Showing that $x \sim _{0=1} y$ is an equivalence relation

Question

Let $x \sim _{0=1} y \iff x=y \text{ or } x,y\in \{0,1\}$ be a relation on $[0,1]$. I have to show that this is indeed an equivalence relation. I think that's not really hard If my argumentation is correct:

it's reflexive, because $x\sim_{0=1} x \iff x=x \text{ or } x\in \{0,1\}$ is true since only one (either $x=x$ or $x \in \{0,1\}$ has to be true) and $x=x$ is true using the fact that "$=$" is reflexive.

Furthermore, the relation is symmetric, since $x\sim_{0=1} y \implies y \sim_{0=1}$ also because $x=y \implies y=x$.

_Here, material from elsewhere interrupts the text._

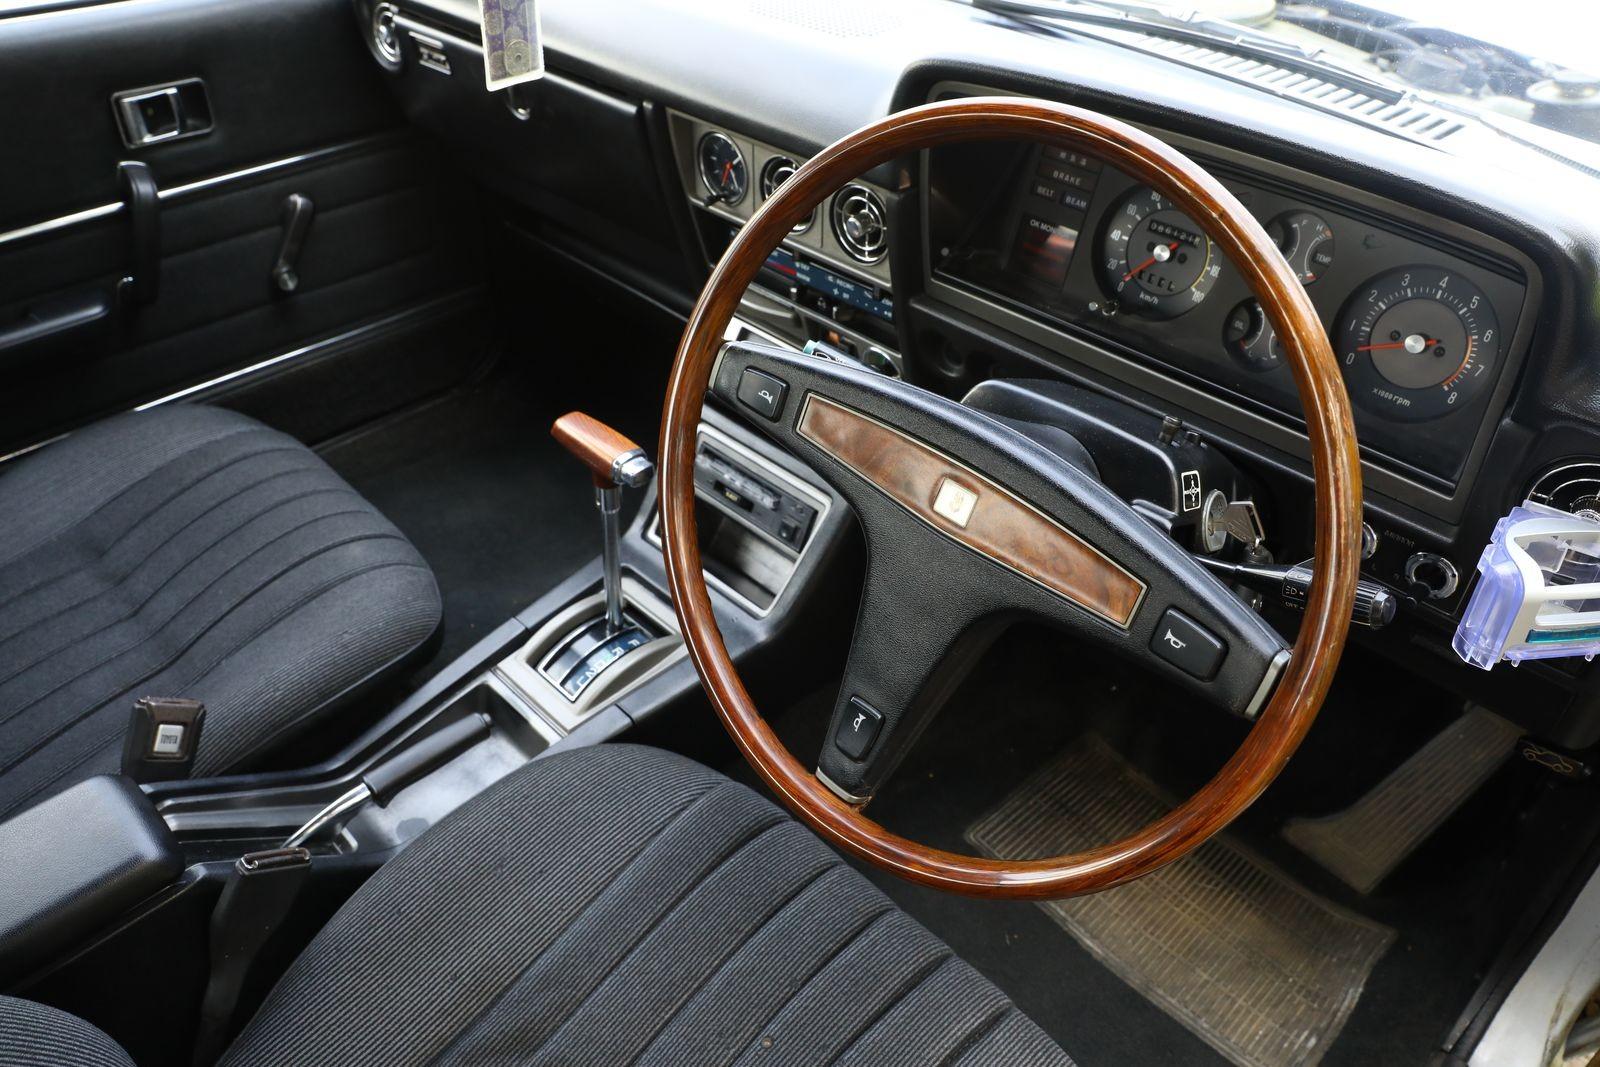 Круглое с квадратным: опыт владения Toyota Corona Mark II 1978 года

Lastly, it is transitive, also because $x=y \, \land y=z \implies x=z$.

Answer 1

Symmetric: let $x\sim y$ then $x=y$ or $x,y\in \{0,1\}$. If $x=y$ then $y=x\checkmark$. If $x,y\in\{0,1\}$ then $y,x\in\{0,1\}\checkmark$

Transitive: let $x\sim y$ and $y\sim z$. Then we have four possibilities:

1. If $x=y$ and $y=z$ then $x=z\checkmark$
2. If $x=y$ and $y,z\in\{0,1\}$ then $x,z\in\{0,1\}\checkmark$
3. If $x,y\in\{0,1\}$ and $y=z$ then $x,z\in\{0,1\}\checkmark$
4. If $x,y\in\{0,1\}$ and $y,z\in\{0,1\}$ then $x,z\in\{0,1\}\checkmark$